**PROBLEM TO SOLVE**
Your reply must contain the full listing below, reproduced exactly, but no pictures.

**DATA SECTION**
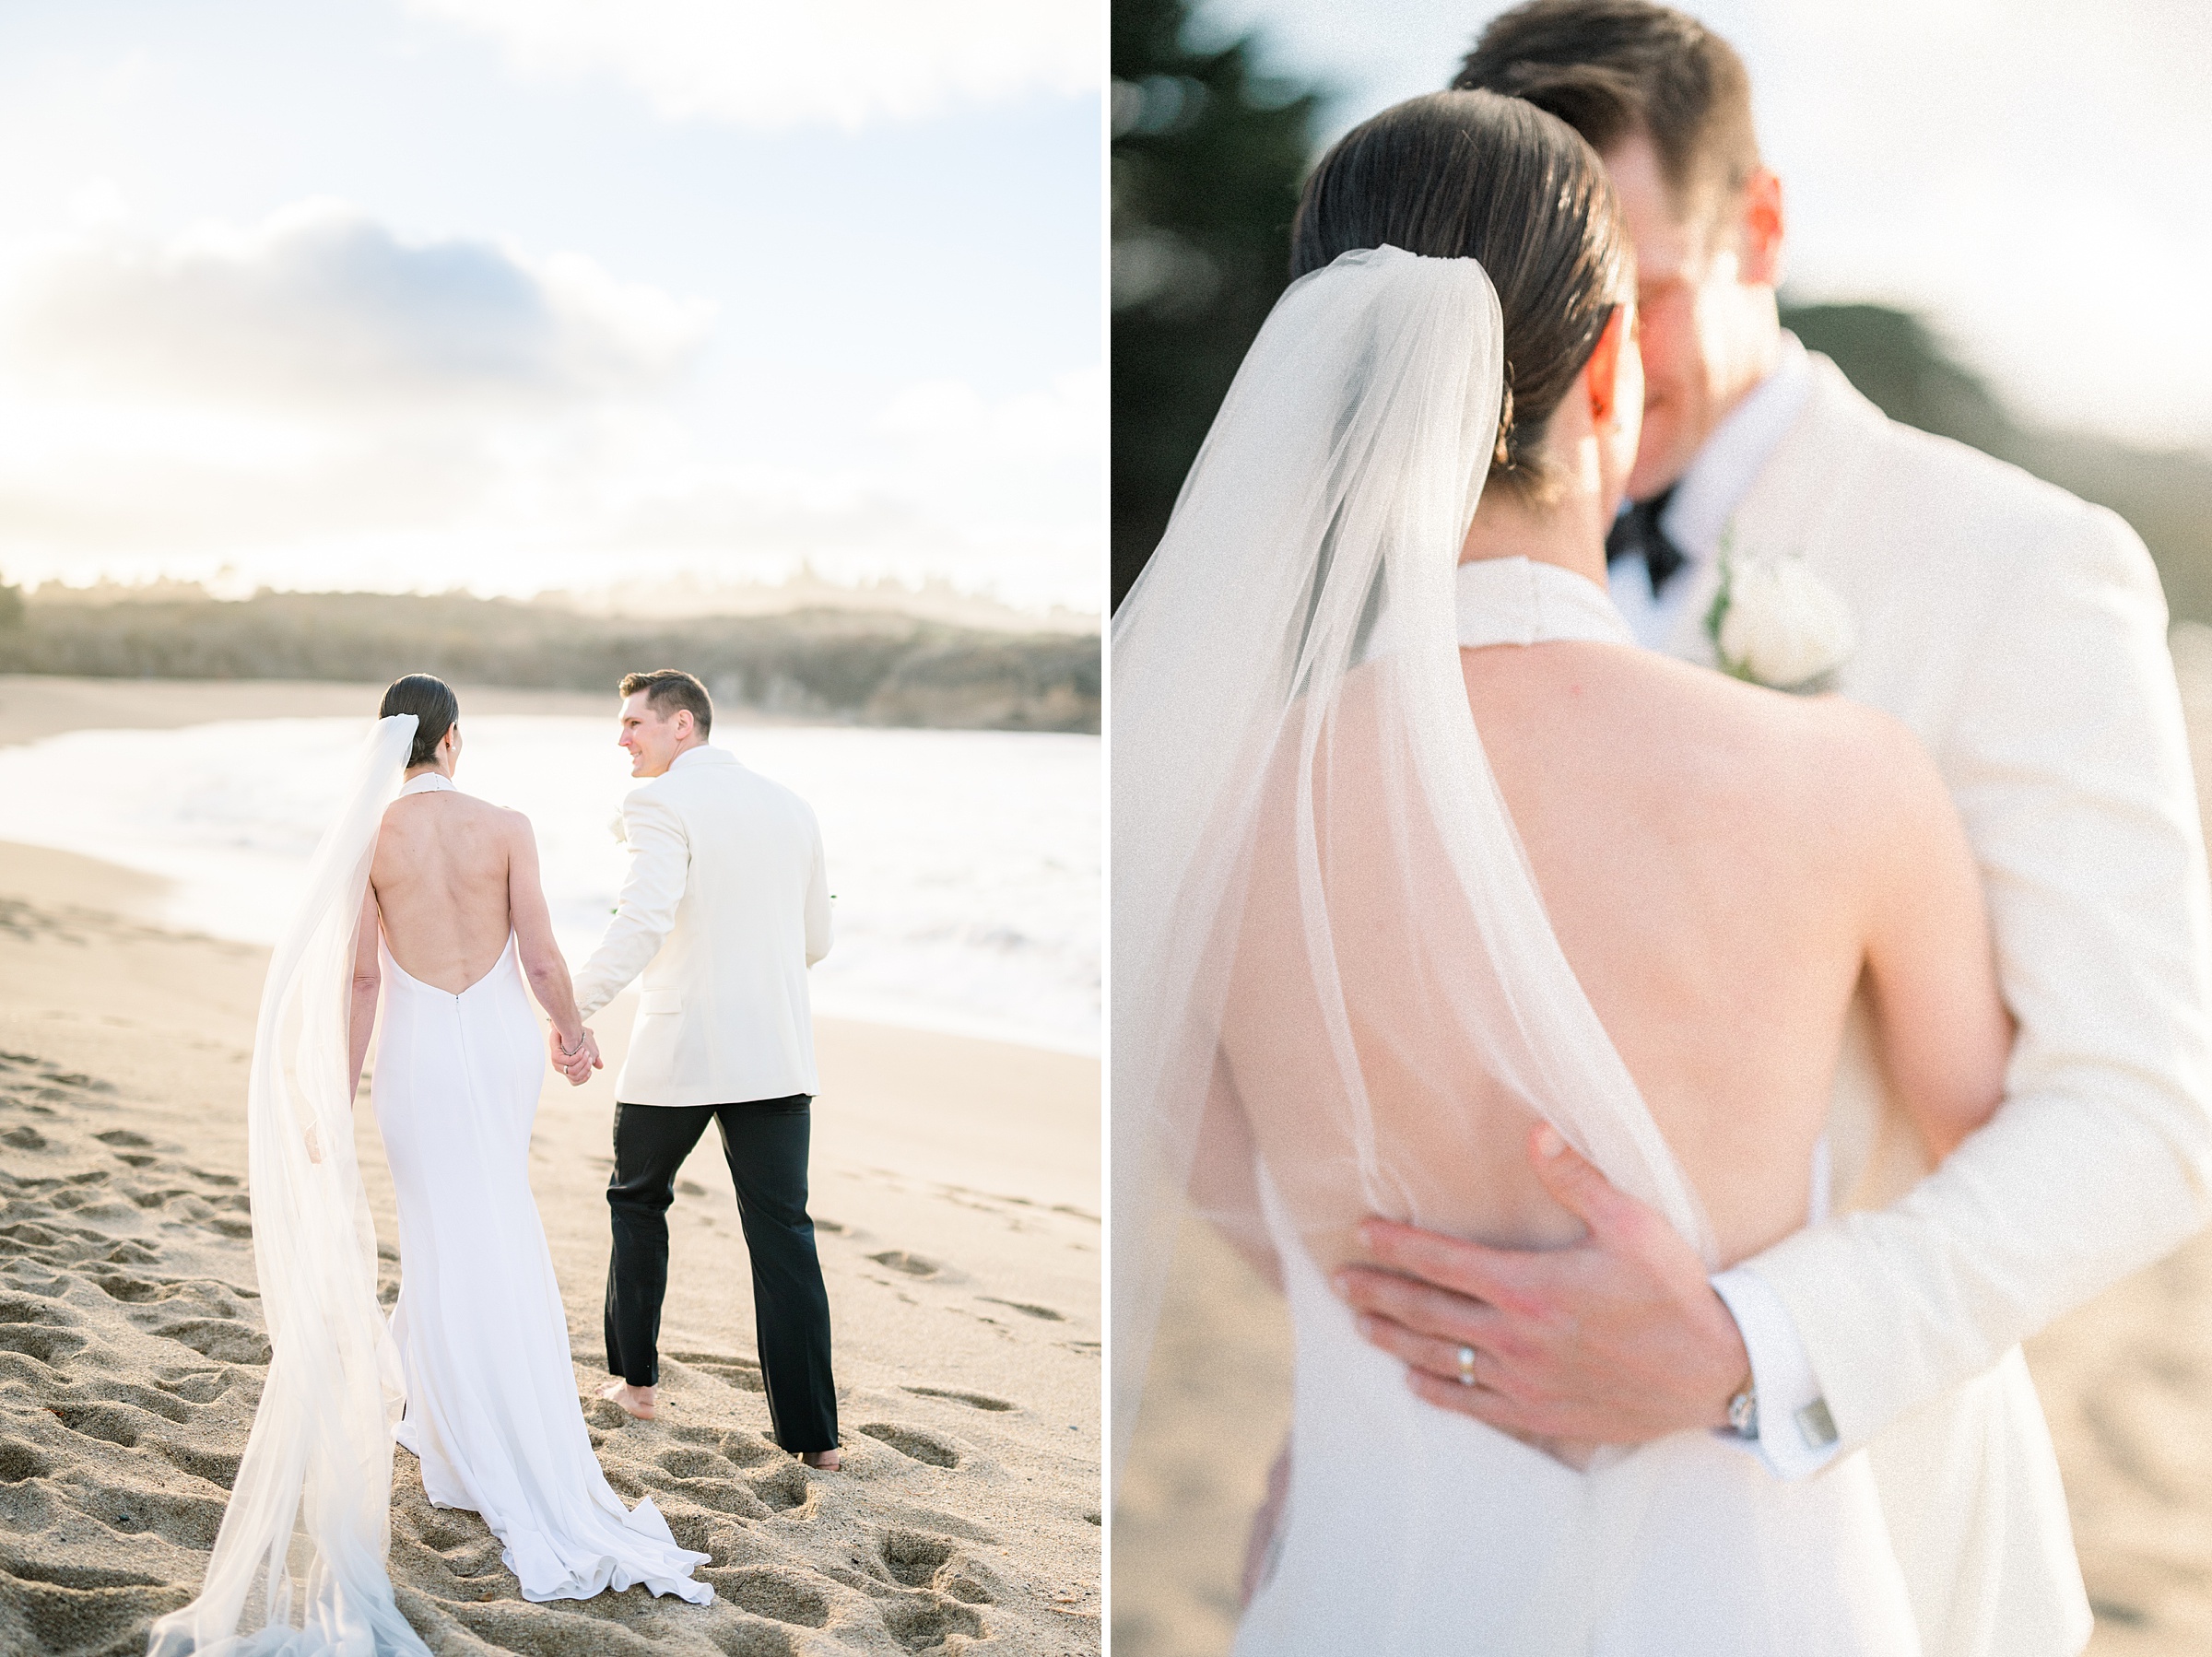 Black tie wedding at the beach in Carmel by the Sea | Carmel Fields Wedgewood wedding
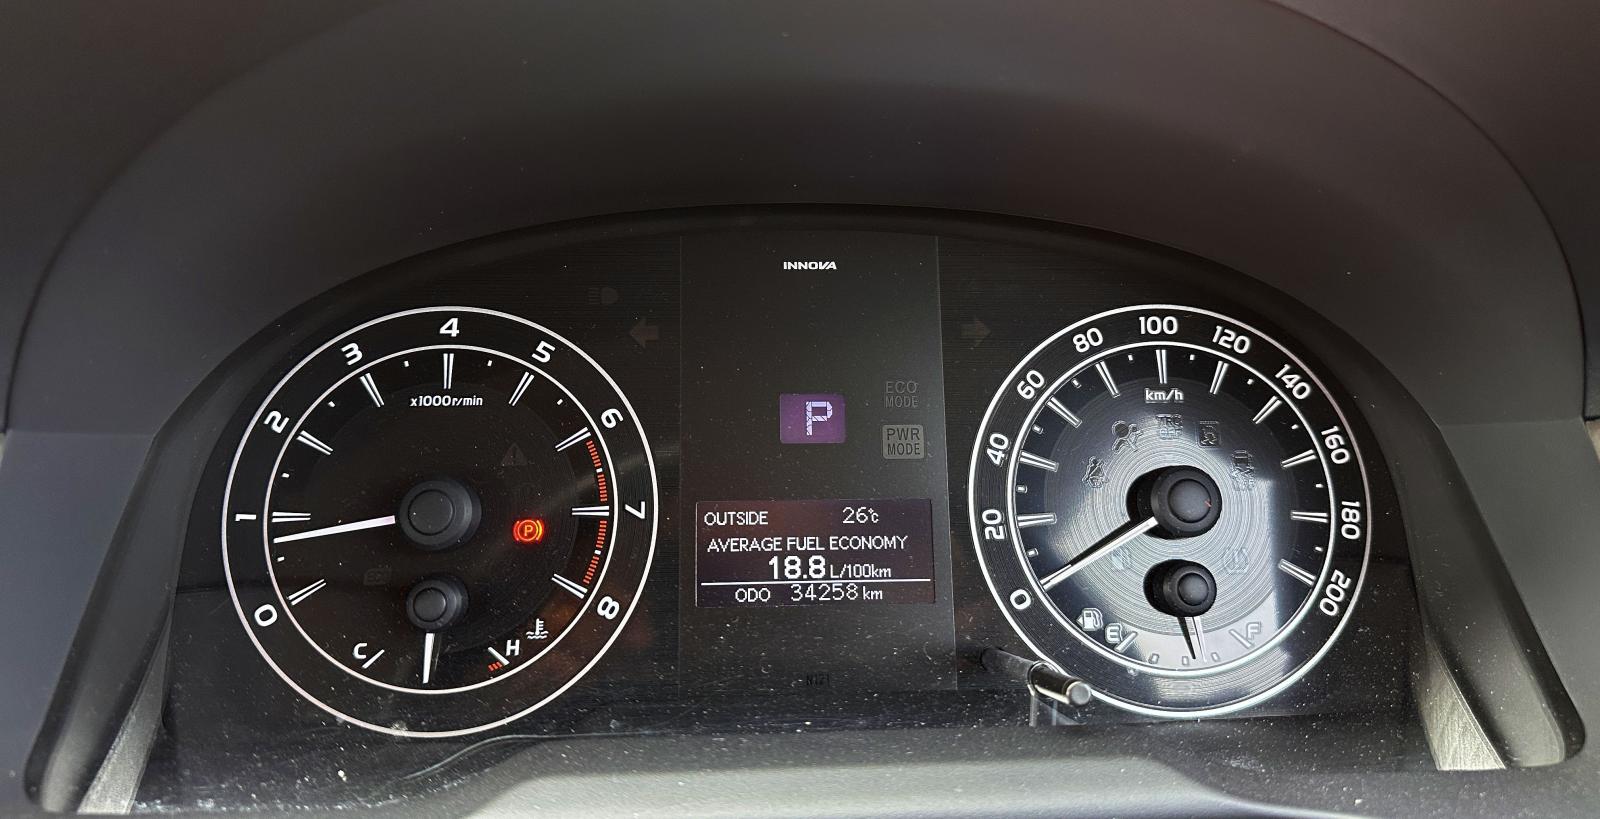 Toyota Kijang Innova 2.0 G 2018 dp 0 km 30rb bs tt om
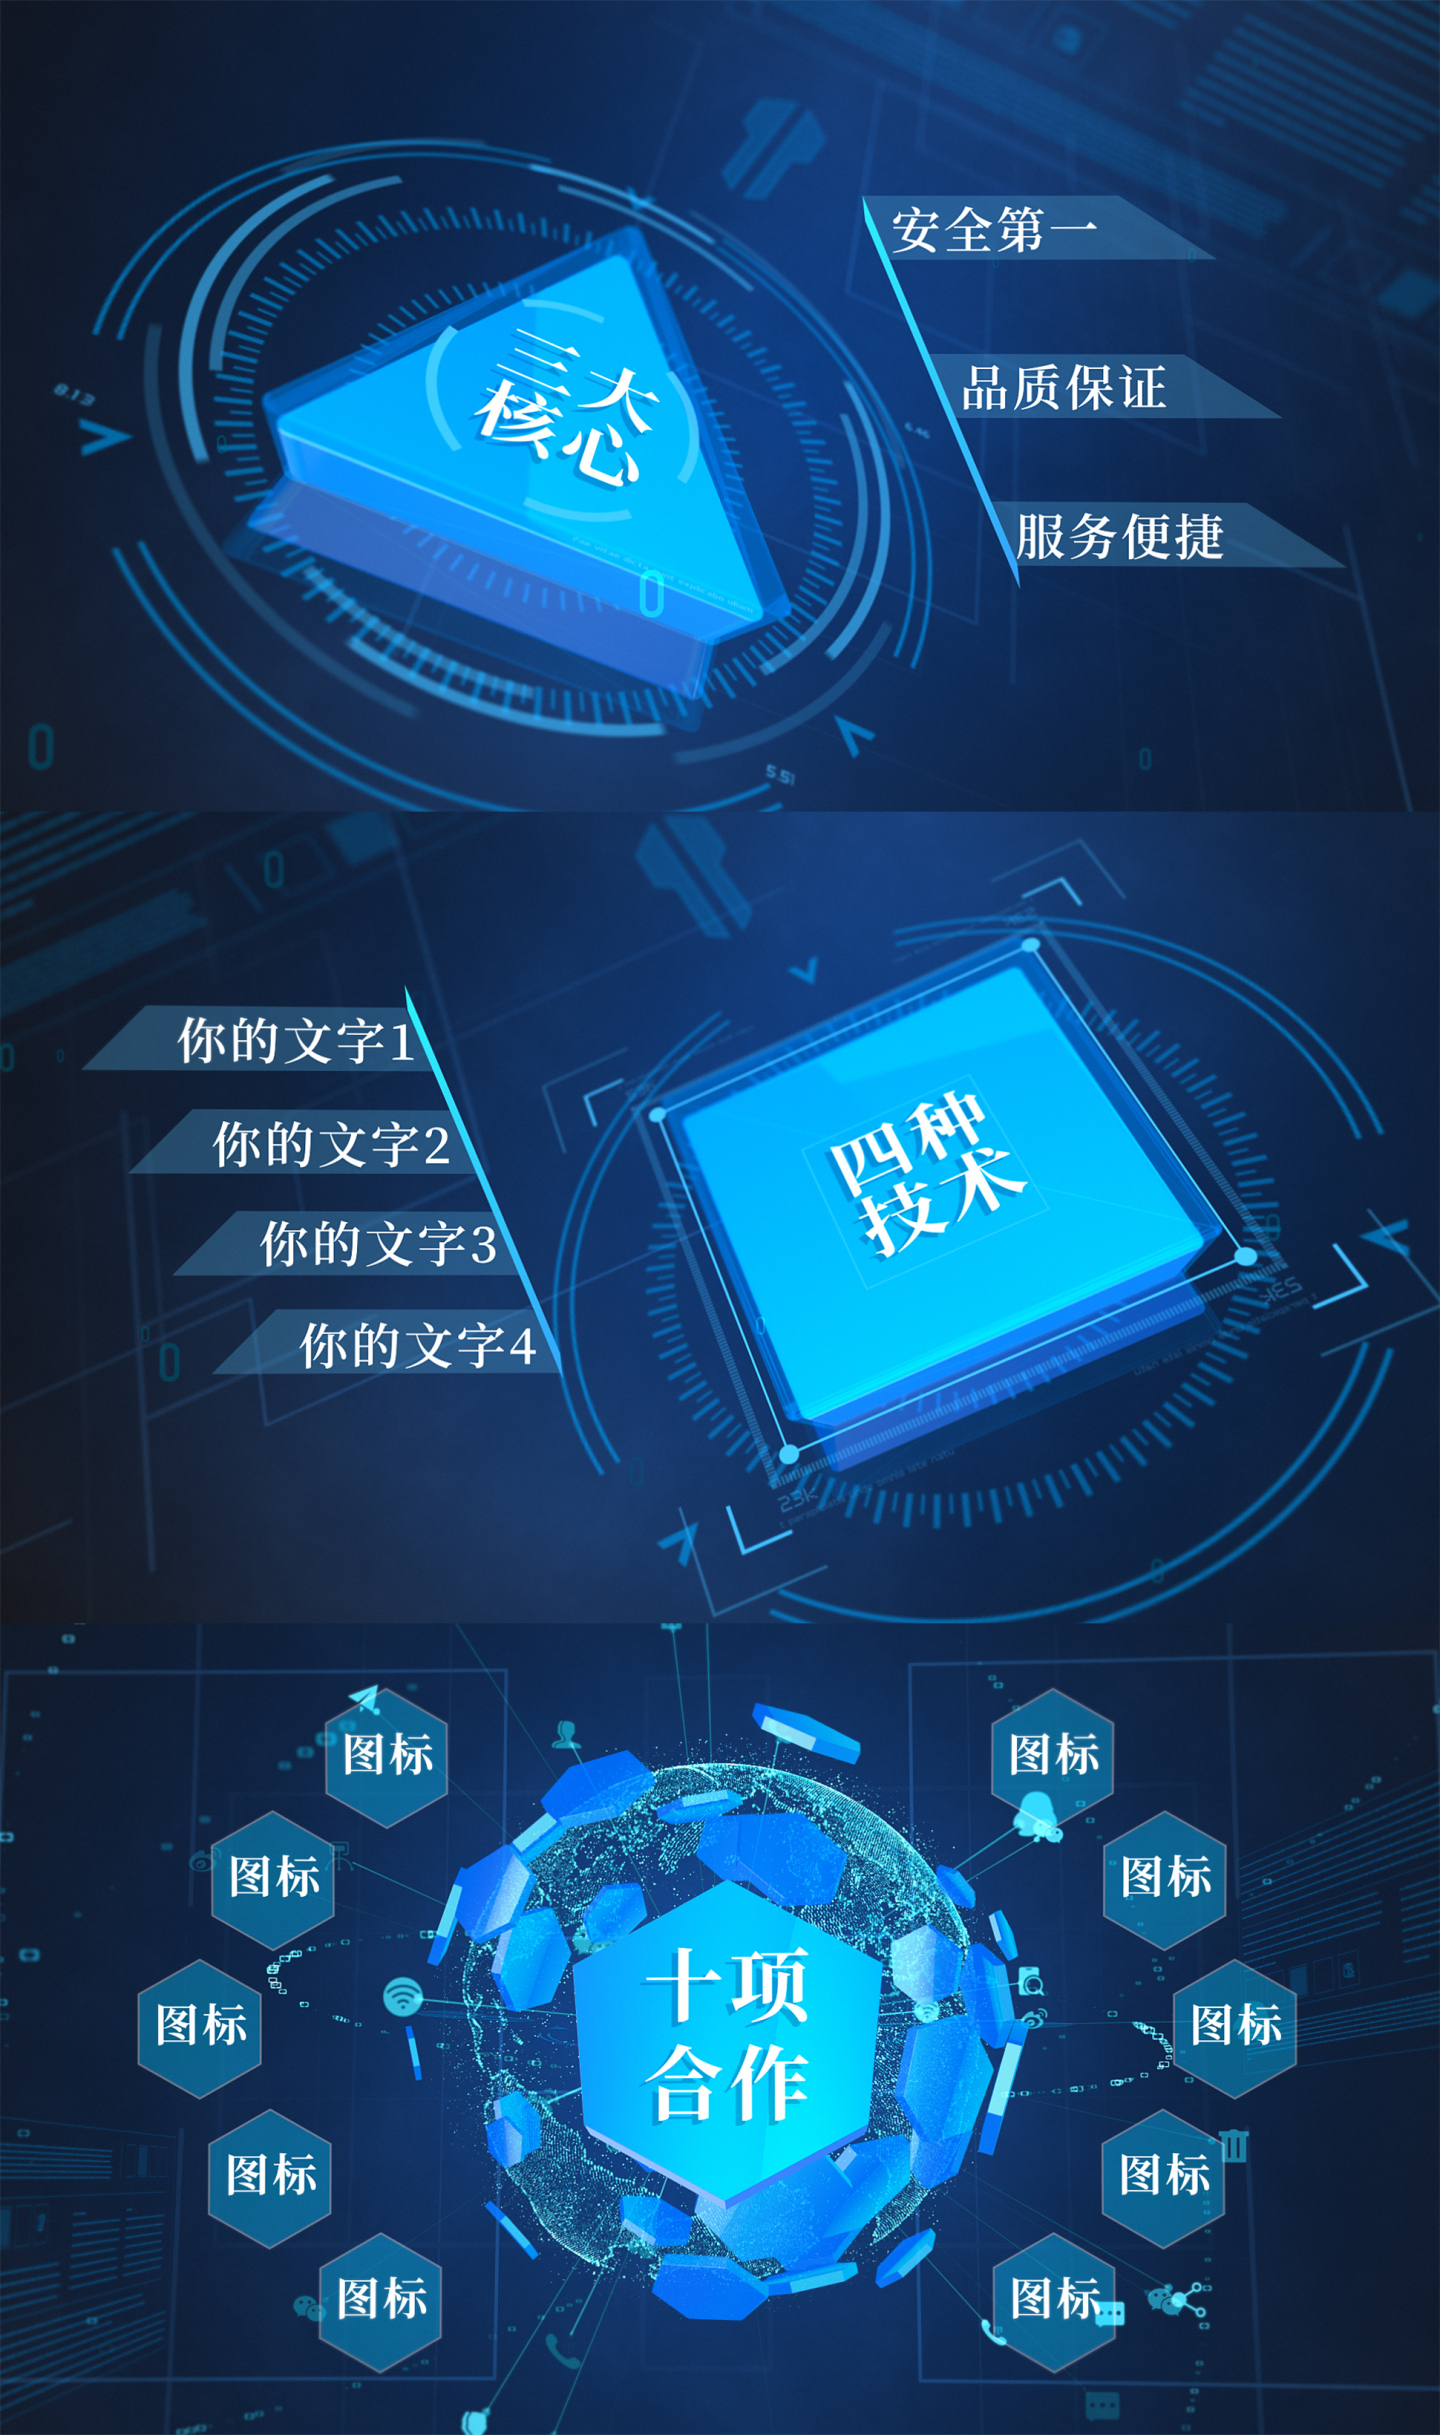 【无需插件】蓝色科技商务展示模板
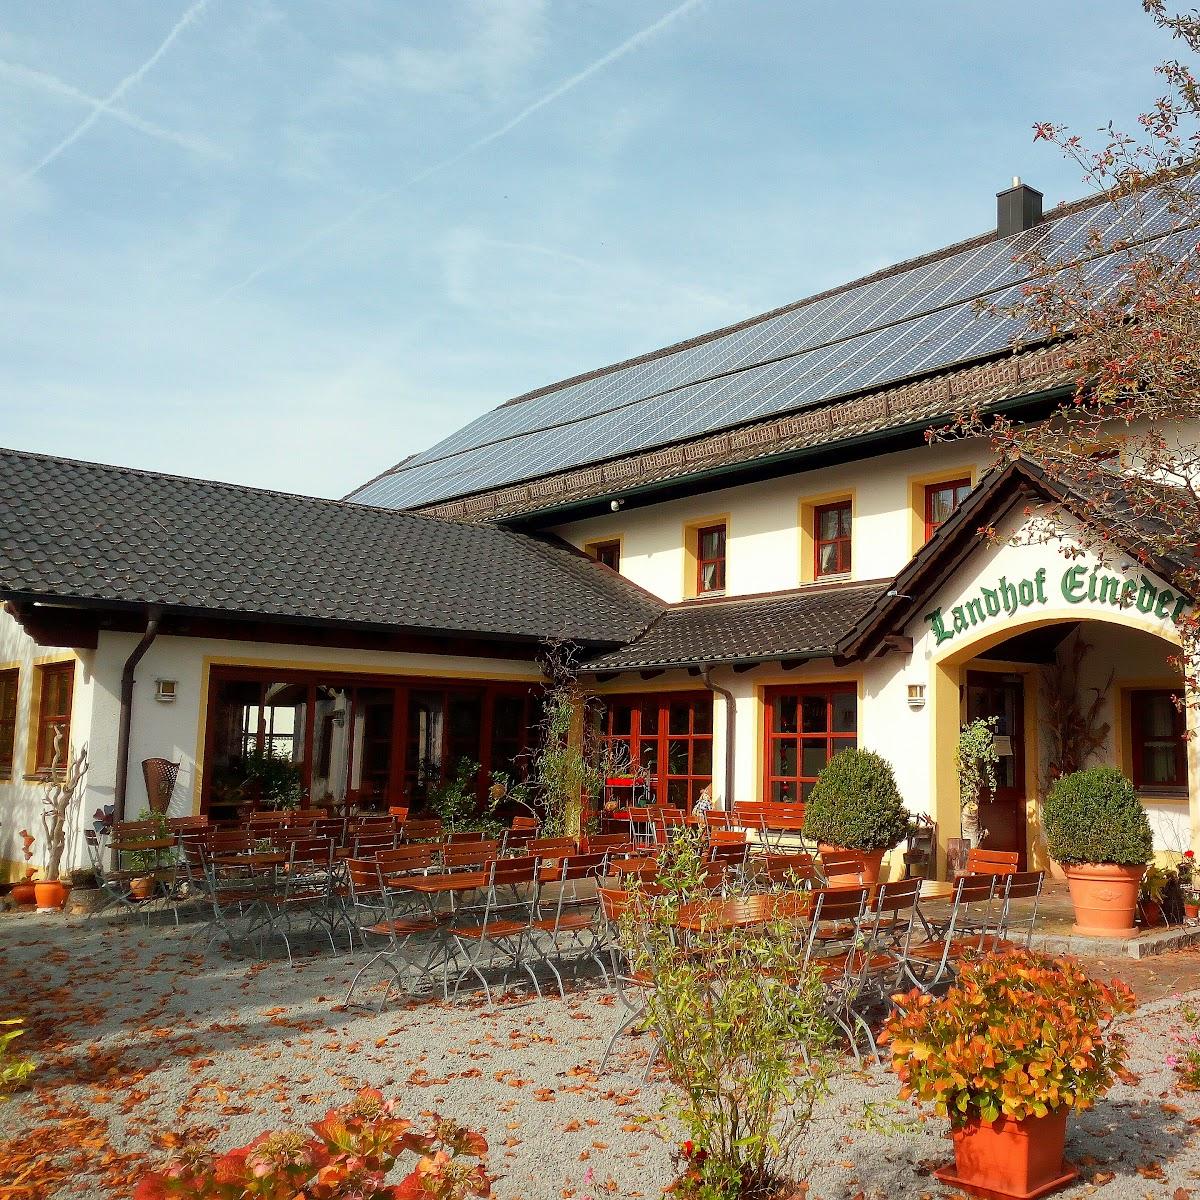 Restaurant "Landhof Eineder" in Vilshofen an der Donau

**ANSWER FOR THIS EXERCISE**
 Black tie wedding at the beach in Carmel by the Sea | Carmel Fields Wedgewood wedding
 Toyota Kijang Innova 2.0 G 2018 dp 0 km 30rb bs tt om
 【无需插件】蓝色科技商务展示模板
 Restaurant "Landhof Eineder" in Vilshofen an der Donau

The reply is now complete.